I worked at UpTop for around a year and then moved to Tinder in 2018 as a lead product designer. I left in September 2019 and started focusing on my own design agency, Zubko Studio.

People are more attached to their work in the US

The US is a great place to work with many opportunities. I love that it's progressive and more culturally diverse than Ukraine. When I arrived, I wanted to immerse myself in the community and get a feel for living here.

In Ukraine, the tech sector is more consultancy-based. Money comes from overseas, from companies who outsource their IT needs to us. In the US, I feel that big companies are developing original ideas and patents, while in Ukraine, the biggest tech companies provide consultancy services.

I feel that people are much more attached to their work in the US because they are working on their ideas. In Ukraine, I worked with overseas clients, executing tasks for other companies and people.

At SoftServe, I was placed on a project for Deloitte. They had established brand guidelines, which presented limitations for me as a designer. I couldn't create many new user interface elements from scratch and had to use the ones from the guide. I felt less ownership over the work.

Meanwhile, I've worked on projects and products I've felt more ownership of in the US. As a product design director at UpTop, I could choose which features to research and test and decide how a certain feature would be implemented.

I loved the responsibility, but it's been much more challenging not to take my work home. There were nights when I couldn't fall asleep because I was thinking about ideas for the product.

In the US, ideas and pitching are prioritized over execution

In Ukraine, my work was about execution. Because my work was in consulting, ideas came from our clients, and I focused on implementing them.

In the US, ideation is more important than execution in the startup world, particularly because the tech scene is more saturated. Big ideas sell. They're how you sell to investors and raise funds. I think this is a positive difference — a great product should start with an idea, which you test over and over to make sure it's worth investing in.

At Tinder, most of my time was spent on idea generation and testing. I animated and presented over 20 versions of Tinder's app, and used A/B testing methods to understand what ideas were worth implementing. I worked on several products that made the user experience more seamless, including Tinder U, Tinder Gold Home, and Super Boost.
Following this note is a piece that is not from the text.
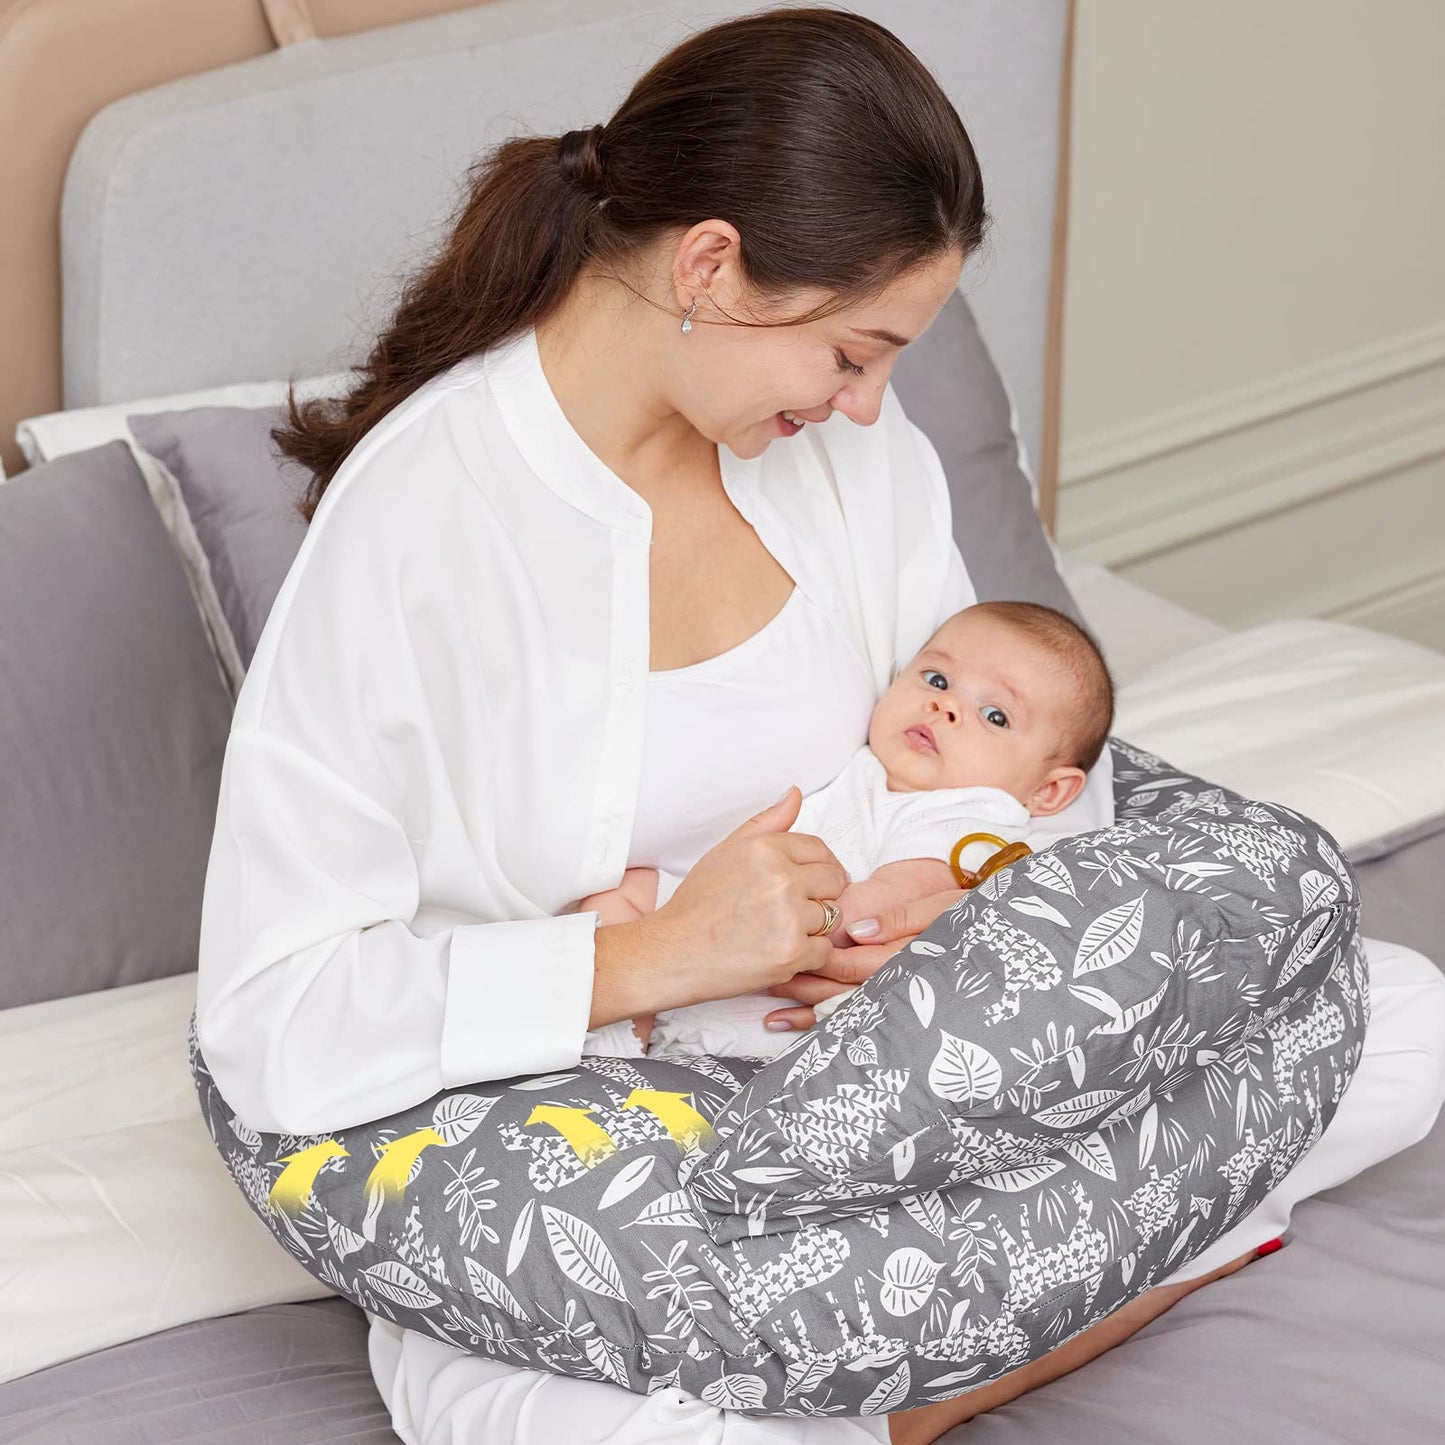 Momcozy Original Nursing Pillow, Ergonomic Breastfeeding Pillows with Security Fence for Baby, Adjustable Waist Strap and Removable Cotton Cover, Gazelle

People skills are highly valued in US companies. Having spoken in Russian and Ukrainian at my previous jobs in Ukraine, I struggled with self-expression and making jokes in English when I moved to New York.

I initially found it challenging to think about structuring my thoughts when selling my ideas. It would take me a while to think of the right combination of words and I felt people around me didn't have the time to think through my convoluted explanations.

People overwork in the US

In general, I think efficiency is put on a pedestal in American culture. People value working as much as possible and making as much money as possible.

When I first joined Tinder, I would stay late in the office to finish some of my work. I witnessed people staying until 9 or 10 p.m. to finish their commitments. In Ukraine, there were times when the office would be empty at 4 or 5 p.m. Sticking to my hours and going home whenever I wanted felt easier. But the projects were more fun in the US, so I was more motivated to work longer hours.

I plan to live between the US and Ukraine when the war is over

Ukraine will always be my home, but I'm staying in the US for the foreseeable future. I wasn't in Ukraine when Russia's invasion happened in 2022. Growing up, I had nightmares about war, but I was still taken aback when it happened.

After the war, I see myself returning to Ukraine and living between the US and Ukraine. I'd like to use my skills to help rebuild the country, like a phoenix coming from the ashes.